Ушаков твердо выполнил обещание, которое дал себе, но его намерение прекратить всякие счеты с Мордвиновым почти тотчас же натолкнулось на противодействие.
Мордвинов был плохим адмиралом, но способным экономистом. И по-настоящему его интересовали только вопросы народного хозяйства и, особенно, финансов. Он писал «Проект трудопоощрительного банка», и всякая излишняя суета ему мешала. Моряком Мордвинов стал по традиции, так как его отец был адмиралом. Смутно чувствуя свою неспособность к морскому делу, Мордвинов тем ревнивее был к чужой славе. Он считал Ушакова беспокойным и жадным честолюбцем, которого надо обуздывать. В гневе своем он даже упустил из виду предписание императора, назвал скорое и успешное вооружение флота Ушаковым «скоропостижным» и ненужным. Он написал в Петербург донесение, в котором обвинял Ушакова в своеволии, в том, что тот приступил к вооружению флота, не дождавшись приказания своего ближайшего начальника и даже «не предварив его».
Но, вопреки всякому ожиданию, Адмиралтейств-коллегия ответила, что, «рассматривая все сии обстоятельства и соображая с высочайшими повелениями, не только что не причитает ему, Ушакову, скоропостижное вооружение судов в вину, но, напротиву того, относит ему к похвале».
Ушаков понял из этого решения, что в нем, несомненно, нуждаются как в боевом адмирале и что назревают серьезные события.

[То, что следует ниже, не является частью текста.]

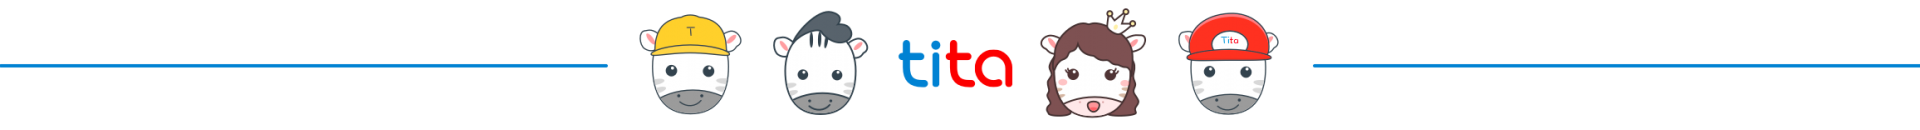 Tita | 餐饮企业结合Tita协同管理平台建立标准化运营

А Мордвинов принял ответ на свою жалобу за новое оскорбление по проискам Ушакова.
Еще задолго до получения решения Адмиралтейств-коллегии стало известно, что Франция готовит в Тулоне и Марселе огромную морскую экспедицию. Цель экспедиции оставалась неизвестной, а французы распускали самые разнообразные слухи о месте ее назначения. По одной версии их флот готовился для нападения на Англию, по другой – для нападения на Россию со стороны Черного моря.
Тревога по поводу экспедиции была так велика, что в апреле даже прошел слух, что французский флот будто бы появился уже в Мраморном море.
Ушакову было приказано отправиться в крейсерство между Севастополем и Одессой.
Англия, испуганная успехами французов и опасностью, угрожавшей ей самой, обратилась за помощью к России. Император полагал, что государства, не зараженные революционным духом Франции, «ничем столь сильнее не могут обуздать буйство сея нации, как оказательством тесной между ними связи и готовностью один другого охранять честь, целость и независимость». Он ответил с полной готовностью на обращение Англии и по просьбе английского правительства послал к британским берегам эскадру под начальством адмирала Макарова.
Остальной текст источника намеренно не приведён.